If I may ask, from your perspective, what's more elegant about Rekursiv's design? Is it the philosophy or implementation? I'd also love any links to orthogonal persistence!

That's the central argument in the Church-Turing Theory isn't it? Church felt very strongly that the difference between his and his students' "elegance" and Turing's "practical" was a difference only in abstraction and that the two models were equivalent and translatable (you can write in one abstraction and convert it to the other).

That theory continues to bear fruit as the history of programming languages is almost entirely about bringing new and "better" abstractions to problems and then translating them to "dumber, more practical" machines. We have programming languages today modeled directly off the elegance of (though now sometimes still a few steps removed from being direct implementations of) the lambda calculus and mu-recursive functions, and the amazing thing is that they work great even given how "dumb" and "inelegant" our machines can be in practice.

> Is it possible that in the future we'll find a way to show that Gödel's mu-recursive functions or Church's lambda calculus also precisely describe 'what a machine can do'?

See also https://en.wikipedia.org/wiki/Church%E2%80%93Turing_thesis

> we'll find a way to show that Gödel's mu-recursive functions or Church's lambda calculus also precisely describe 'what a machine can do'?

This is already proven to be the case. Mu-recursion (which IIRC is not Godel's general recursive functions, despite what Wikipedia says; Kleene was the originator of the mu operator. Godel's general recursive functions are defined in a separate, but yet again equivalent way that directly extends primitive recursion), Turing machines, and the lambda calculus are all proven to be exactly equivalent to each other. The fact that these three independent approaches to computability are all equivalent is why we have strong informal justification that the Church-Turing Thesis (a non-mathematical statement) holds.

Separately, there's a sentiment that I've seen come up several times on HN that somehow the lambda calculus, mu-recursion, or general recursion is more "mathematical" and Turing machines are less "mathematical."

I want to push back on that. The mathematical field of computability is based almost entirely off of Turing machines because there are many classes of mathematical and logical problems that are easy to state with Turing machines and extremely awkward/almost impossible to state with the lambda calculus and mu-recursion (this is consistent with my previous statement that the three are all equivalent in power because computability theory often deals with non-computable functions, in particular trying to specify exactly how non-computable something is).
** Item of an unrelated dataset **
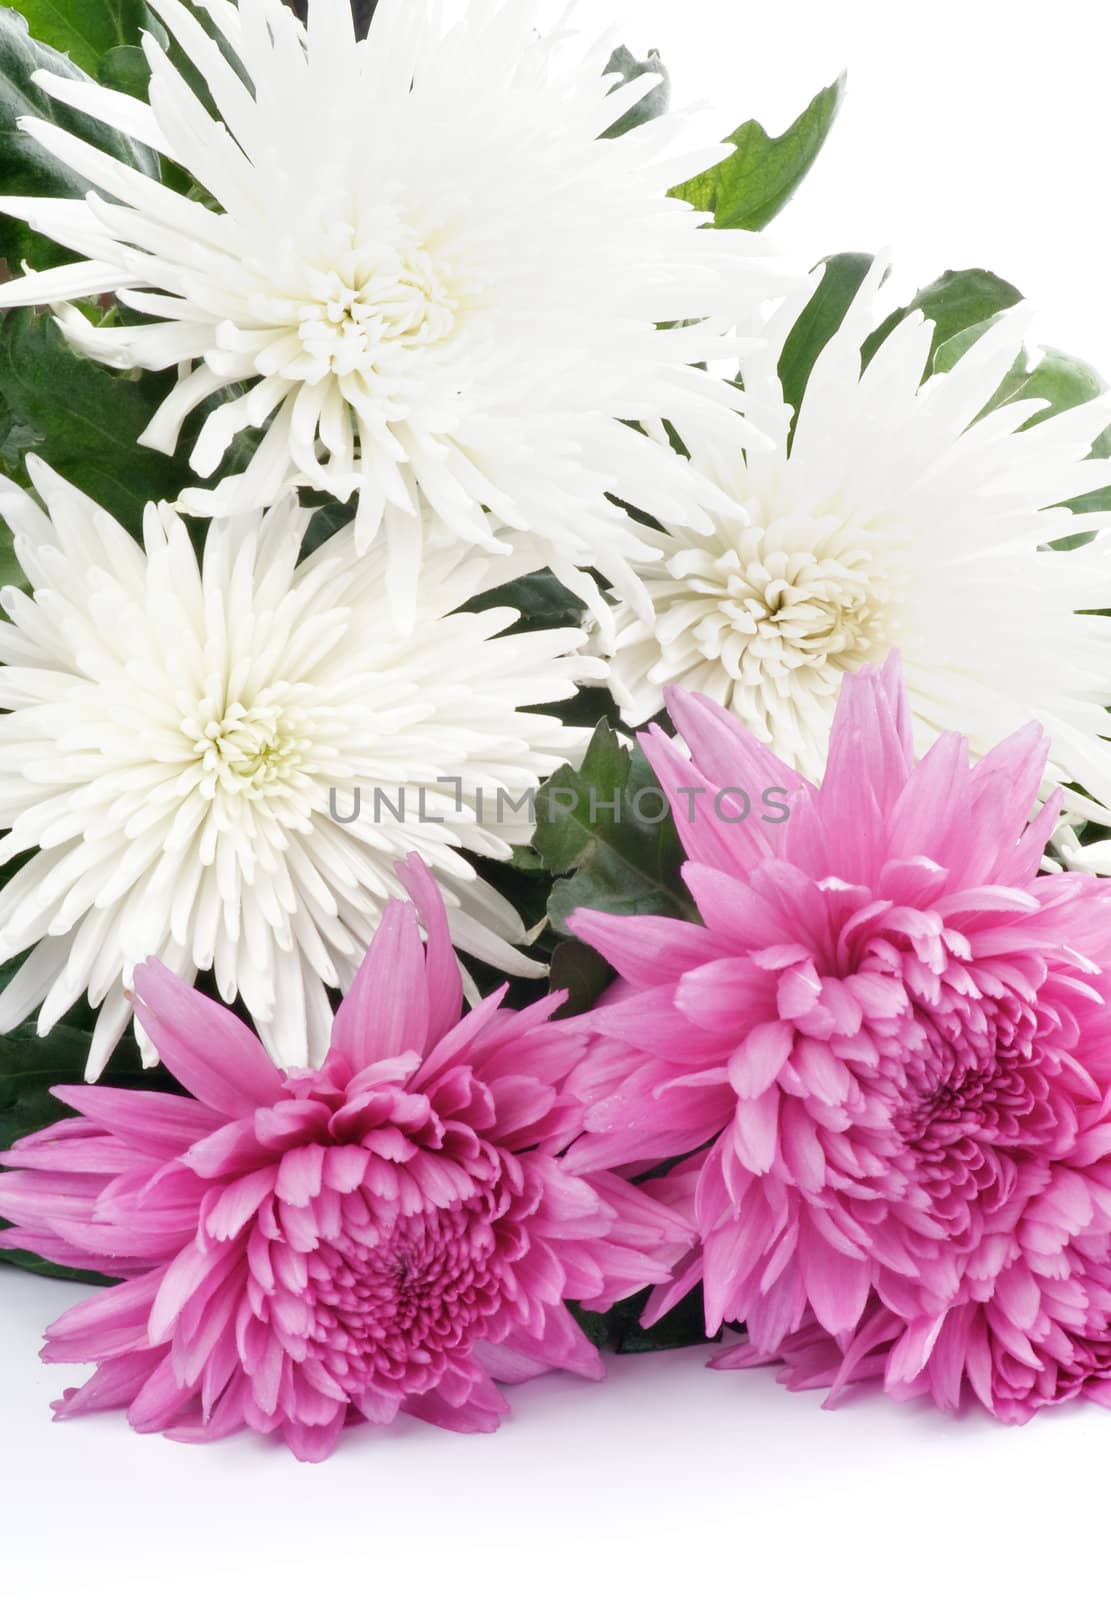 Beautiful Pink and White Chrysanthemum closeup on white background

The notion of oracles, which then leads to a rich theory of things like Turing jumps and the arithmetical hierarchy, is trivial to state with Turing machines and very unwieldy to state in these other formalisms.
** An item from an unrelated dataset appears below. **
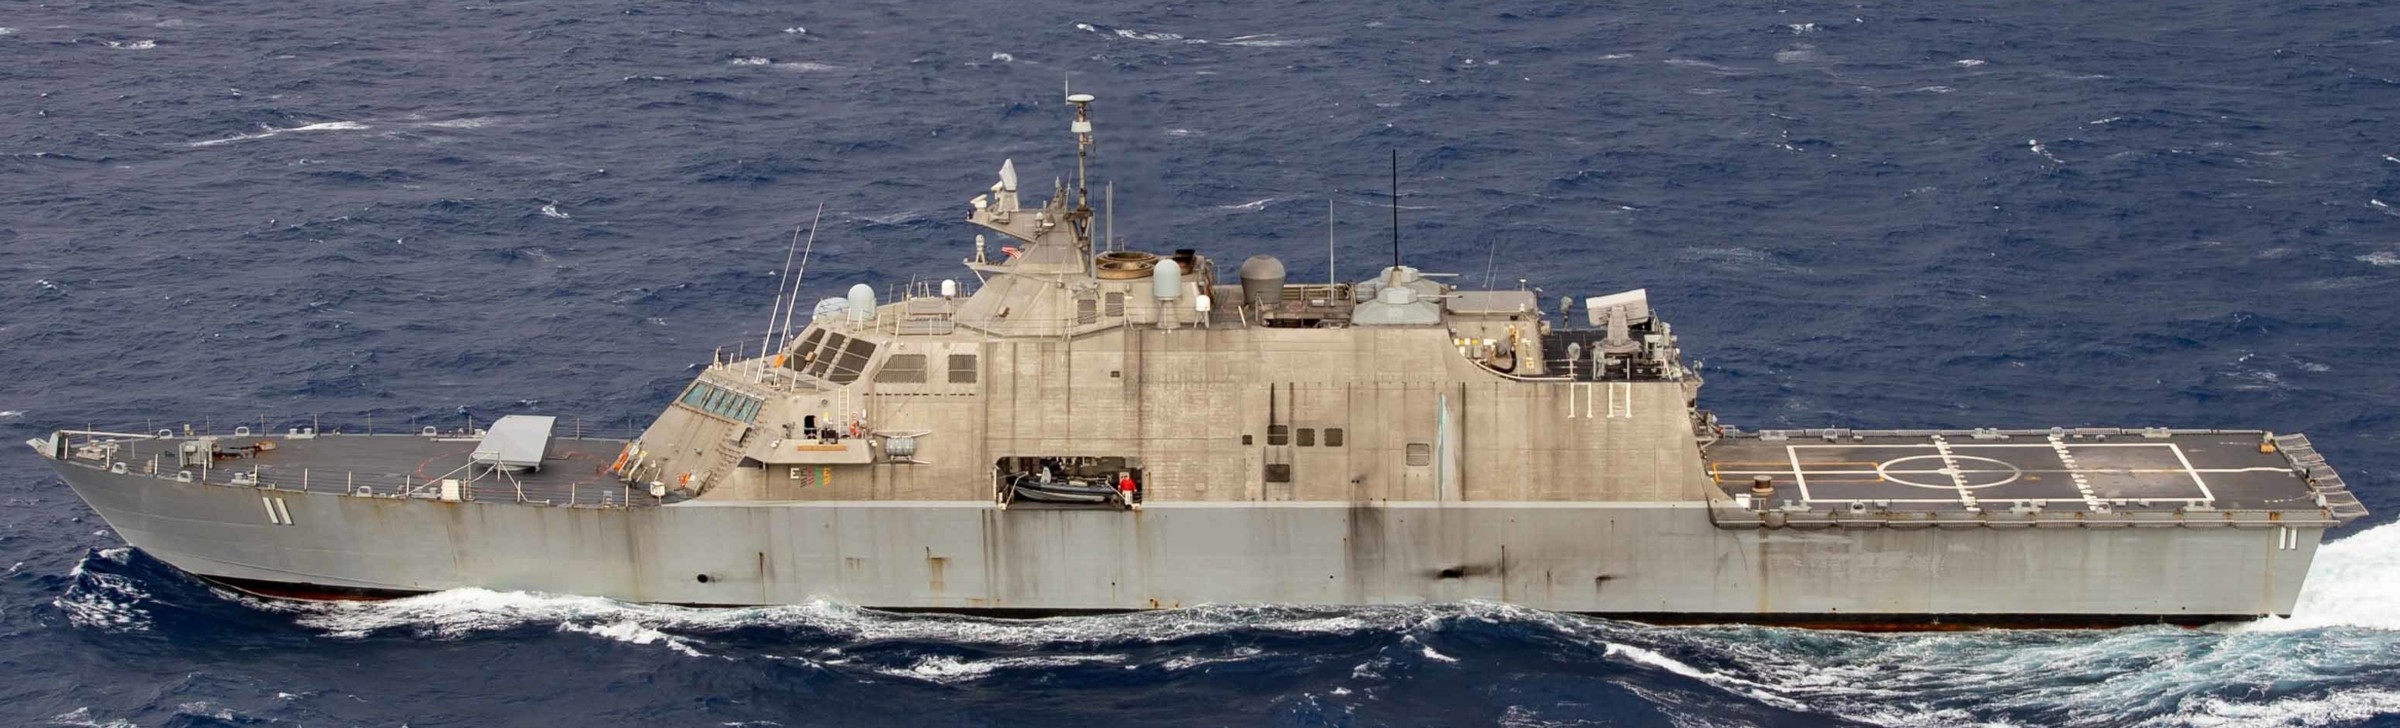 lcs-11 uss sioux city freedom class littoral combat ship us navy atlantic ocean 65

Likewise the lambda calculus and mu-recursion (but not general recursion) provide a very poor foundation to do complexity theory in CS. Unlike Turing machines, where it is fairly easy to discern what is a constant time operator, the story is much more complicated for the lambda calculus, where to the best of my knowledge, analyzing complexity in the formalism of the lambda calculus, instead of translating it to Turing machines, is still an open problem.

There is indeed a mathematical elegance to Turing machines that makes it so that most of the mathematics of computability is studied with Turing machines rather than the lambda calculus.

The lambda calculus on the other hand is invaluable when studying programming language theory, but we should not mistake PLT to be representative of the wider field of mathematics or theoretical CS.

EDIT: I should perhaps make clear that if I put on my mathematical hat, mu-recursive functions seem like the most familiar formalism, because they align with a common way families of things are defined in mathematics (specify individual members and then generate the rest through some relationship). However, I would contend that for the majority of mathematicians outside of computability theory, the lambda calculus and Turing machines seem equally "strange."